Before you go, here’s something to think about: recycling is actually at the bottom of the circular economy hierarchy.
Many people equate the circular economy with recycling — tossing items in the blue bin and hoping they’ll be reborn as something new. But the truth is, recycling alone doesn’t close the loop. Despite our best efforts, much of what we put in the recycling bin still ends up in landfills, the ocean, or even within our own ecosystems and bodies.
Take coffee cups, for example. Think about how many paper and plastic cups are thrown out every day at just one Tim Hortons in Calgary — then multiply that by the thousands of fast food chains operating worldwide. That’s a staggering amount of waste for something used for only a few minutes.
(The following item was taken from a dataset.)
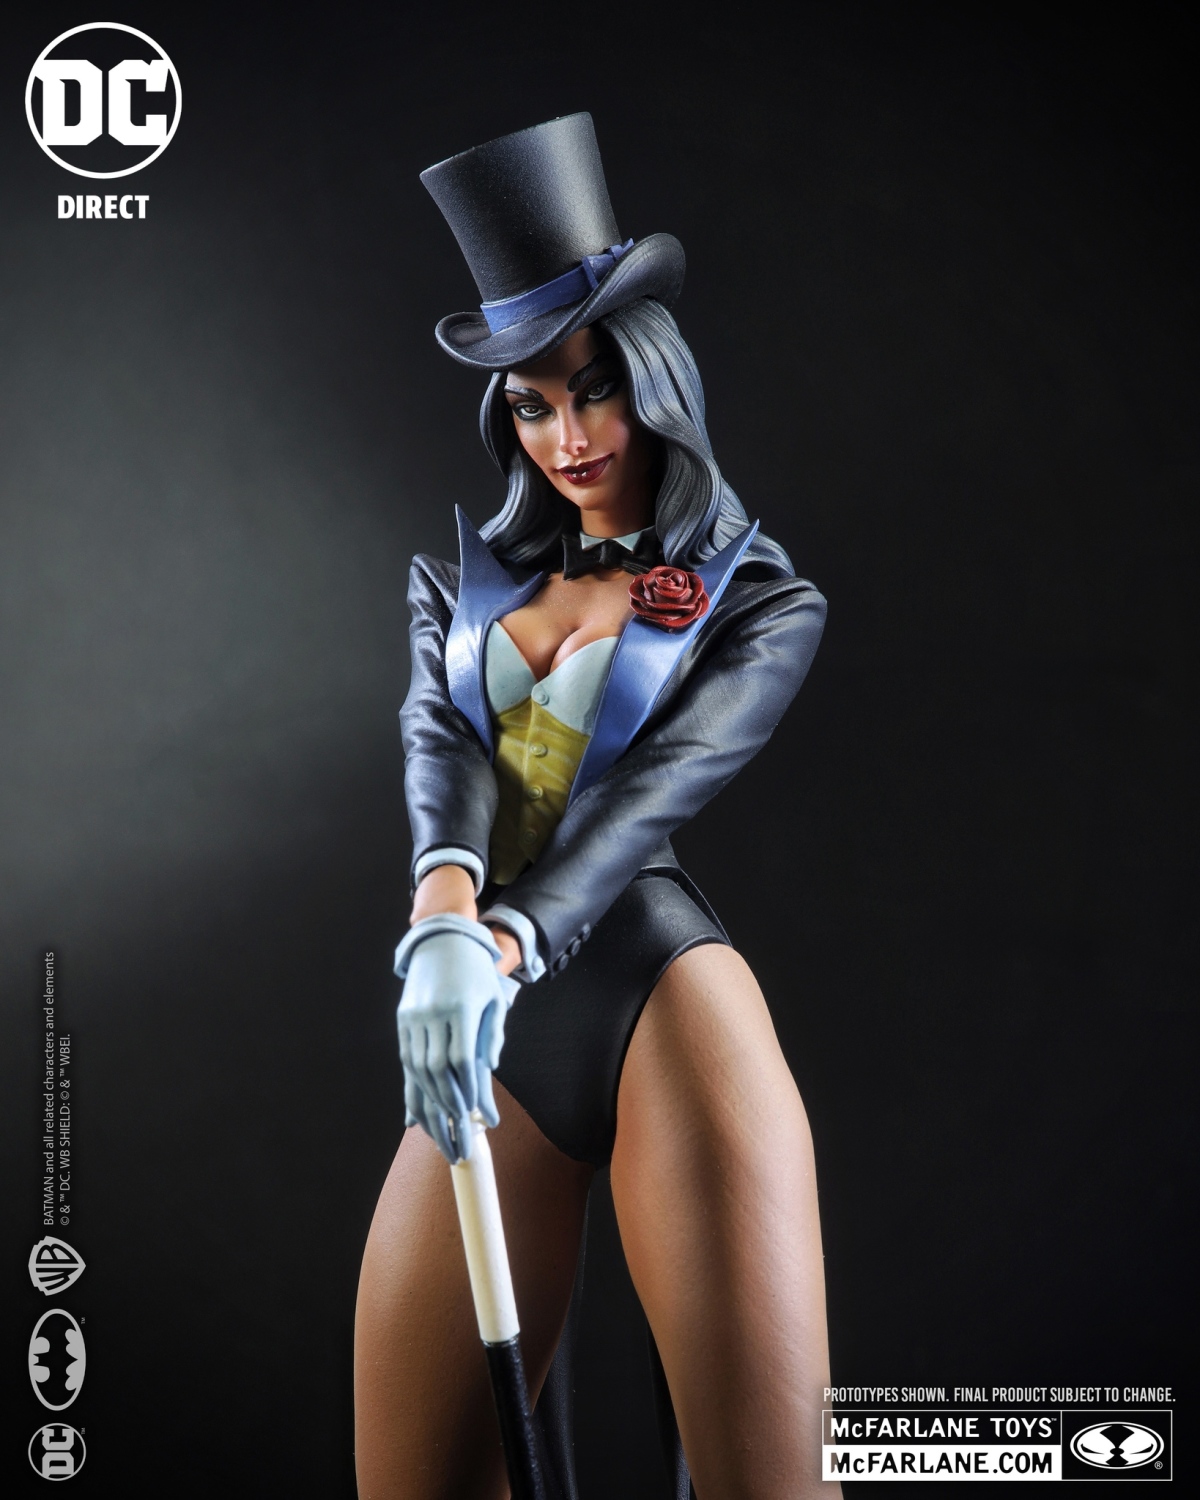 麥法蘭 DC Direct DC 封面女郎系列「扎坦娜 (Zatanna) by J. Scott Campbell」1/8 比例全身雕像

The City of Calgary accepts disposable paper coffee cups in blue cart recycling bins, but their plastic lids are too small to be captured by the city’s sorting systems. And even when cups are collected, they’re notoriously difficult to recycle. That’s because most are lined with a thin layer of polyethylene plastic to prevent leaks — a combination that makes them hard to separate and process, and ultimately, not recyclable everywhere.
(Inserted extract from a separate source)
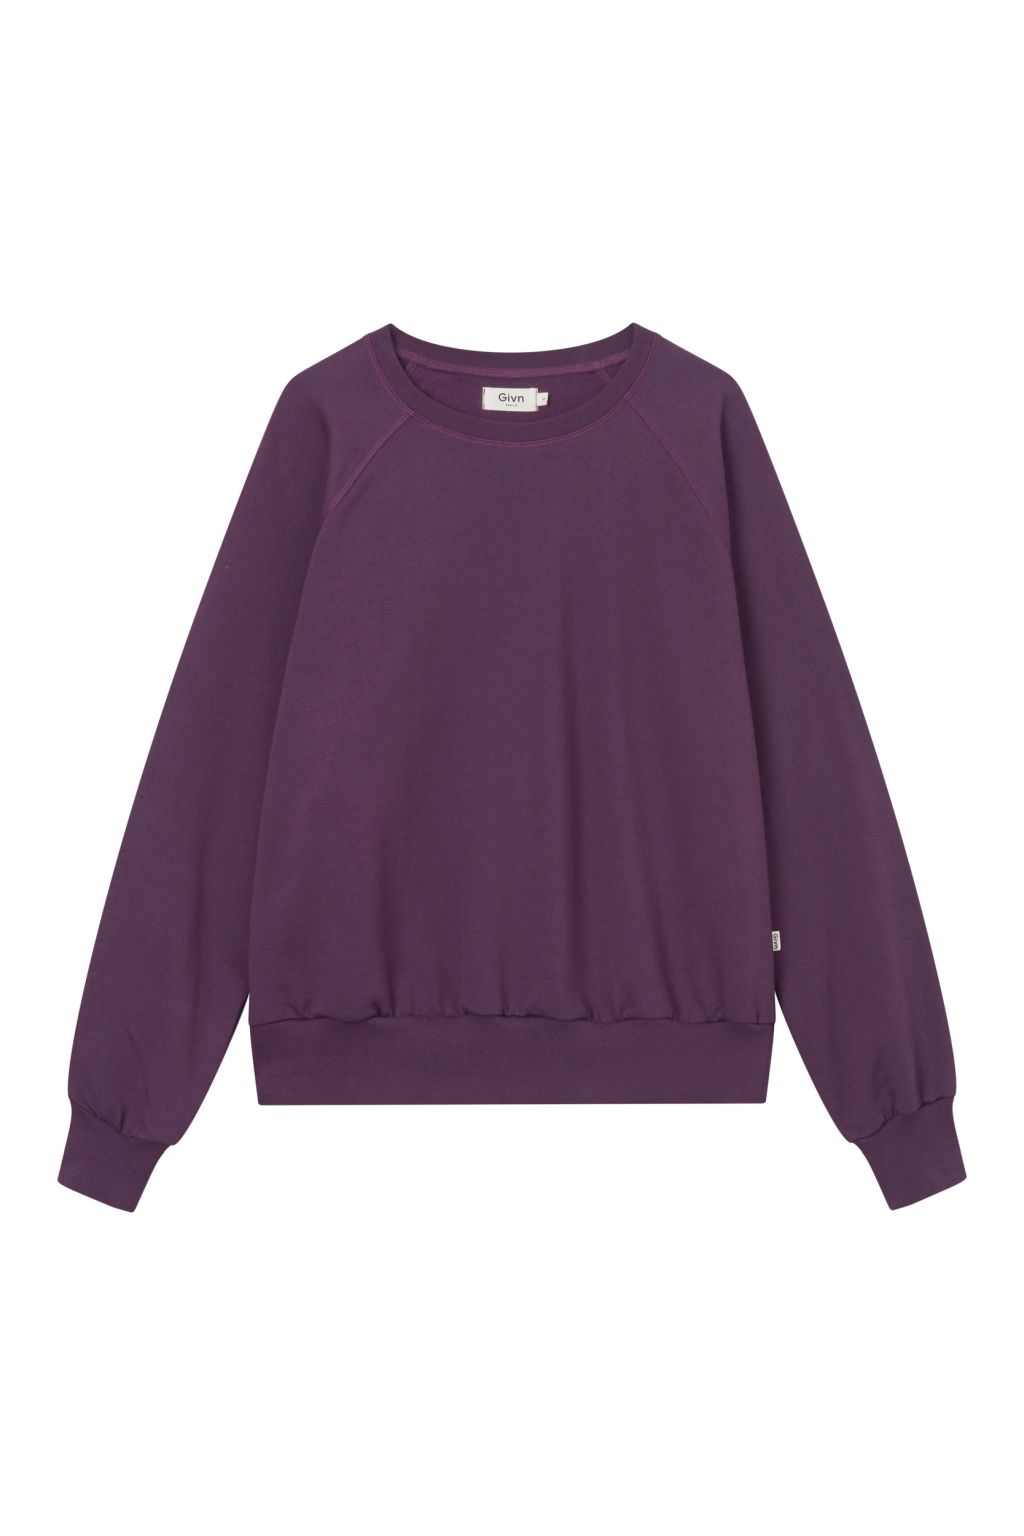 Dede - Sweater - Bio-Baumwolle Dark Purple M

As Gallina A. Vincelette, World Bank Country Director for the EU, put it:
“Our dominant ‘take-make-use-waste’ global economic model is unsustainable. Current global demand for natural resources exceeds our planet's regenerative capacity by a factor of 1.75; we simply do not have another planet.”
(EU Report, 2022)
So, if we really want to move toward a circular economy, we need to think beyond recycling. It starts with reducing, reusing, repairing, and rethinking our habits.